Certainly Schiele was a victim of these conservatives too: a room of the Neue Galerie exhibition is dedicated to his arrest and imprisonment in Neulengbach in 1912 on morals charges. The stunning paintings he created during his 24-day imprisonment are held by the Albertina museum in Austria but represented here in high-quality reproductions. (This room, accentuated by a recording of Schoenberg’s Verklarte Nacht, also holds a cast of Schiele’s death mask.) The arrest and imprisonment shook Schiele to the core, and it was then that he began to consider marriage and parenthood — an entry into a bourgeois lifestyle that he had until then resisted. In 1915 he married Edith Harms (whose portrait serves as the signature image for the exhibition), but he never had the chance to see whether he could reconcile his irrational erotic yearnings with bourgeois life — a common theme of literature and art of the period. His last painting, 1918’s poignant Die Familie, depicts a man, a woman, and a child, the nucleus of human community. That same year, however, the six-month-pregnant Edith died after contracting the Spanish flu. Schiele died of the same disease three days later.
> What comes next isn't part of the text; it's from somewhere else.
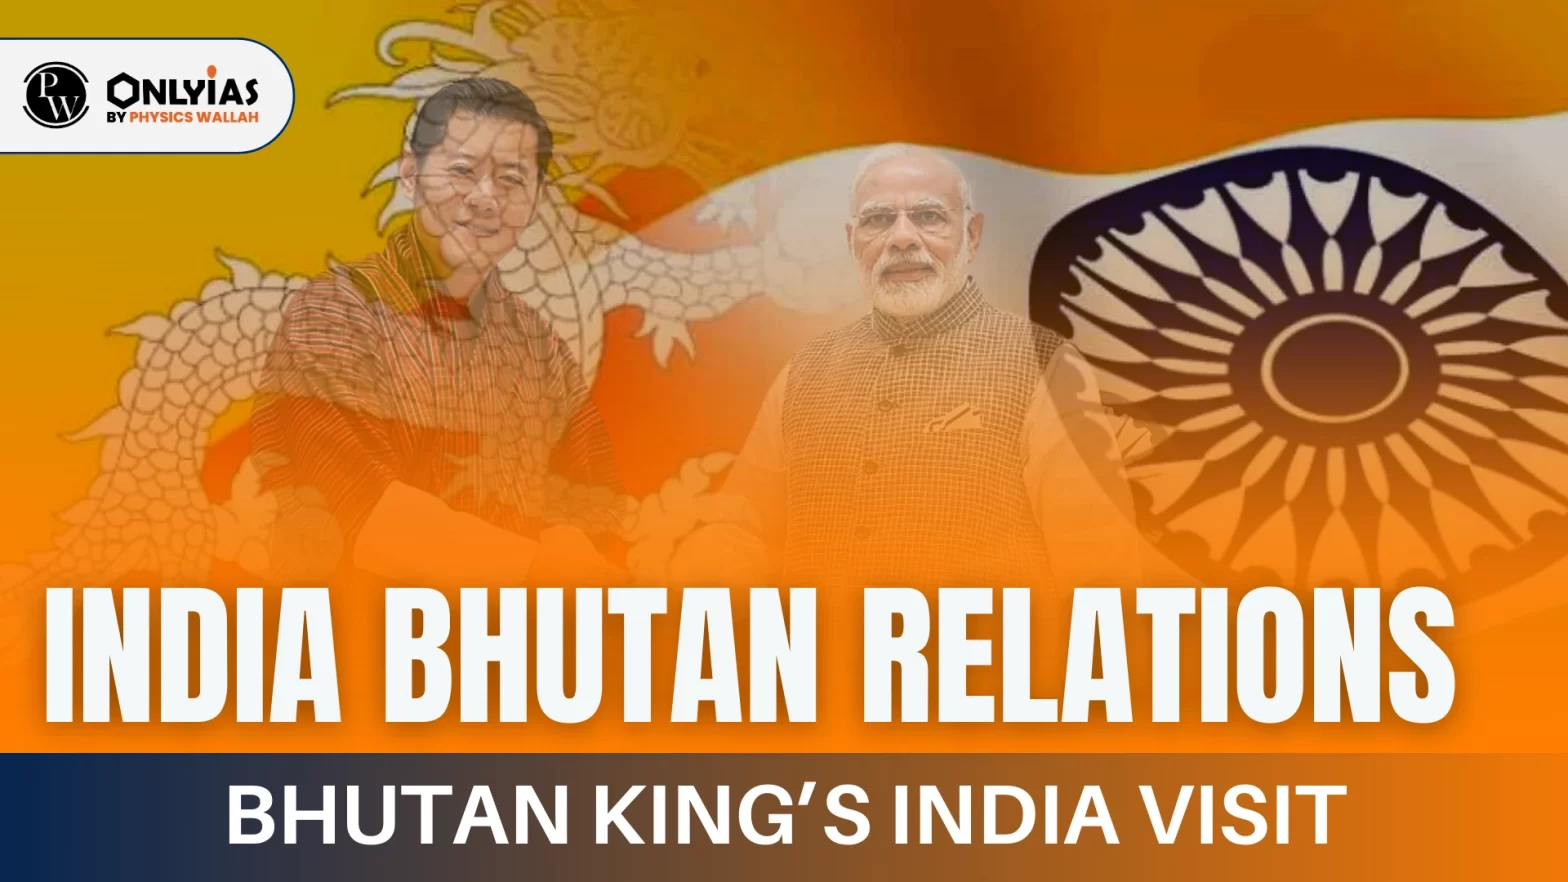 India Bhutan Relations – Bhutan King’s India Visit
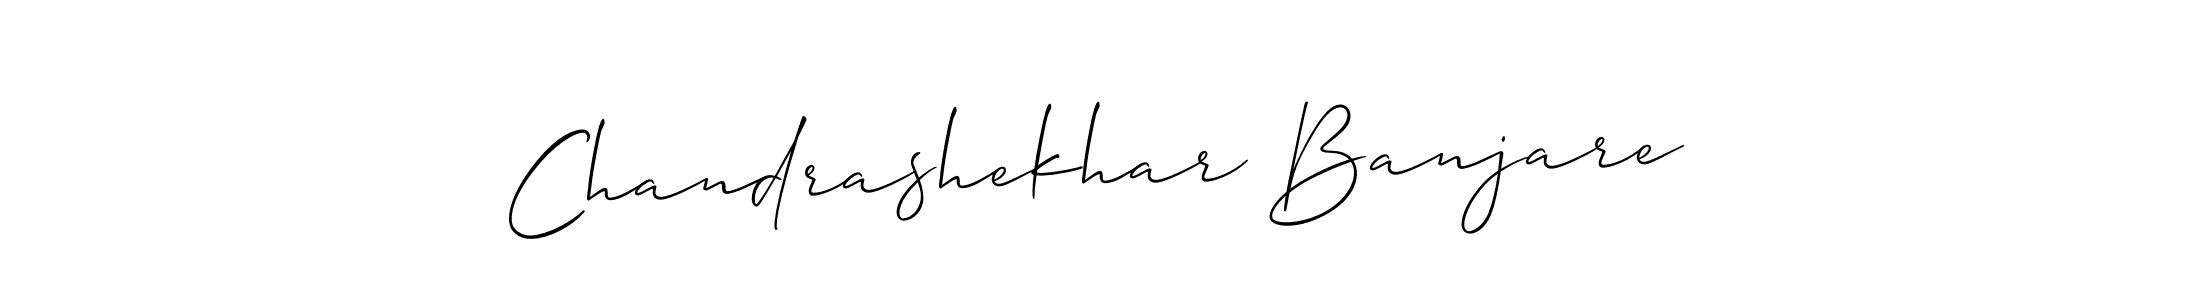 How to Draw Chandrashekhar Banjare signature style? Allison_Script is a latest design signature styles for name Chandrashekhar Banjare. Chandrashekhar Banjare signature style 2 images and pictures png

Schiele and other portraitists of 1890-1933 did not exhaust the exploration of the social challenges to — and potential redemptive possibilities of — radical subjectivity in art. I see the same dynamics examined in very different ways in the theatre work of Howard Barker and Richard Foreman, for example. (They offer themselves a new expressionism in the form of drama and theatre, their plays as much a kind of portraiture as anything else.) As this exhibition demonstrates, the culture has grown no wiser.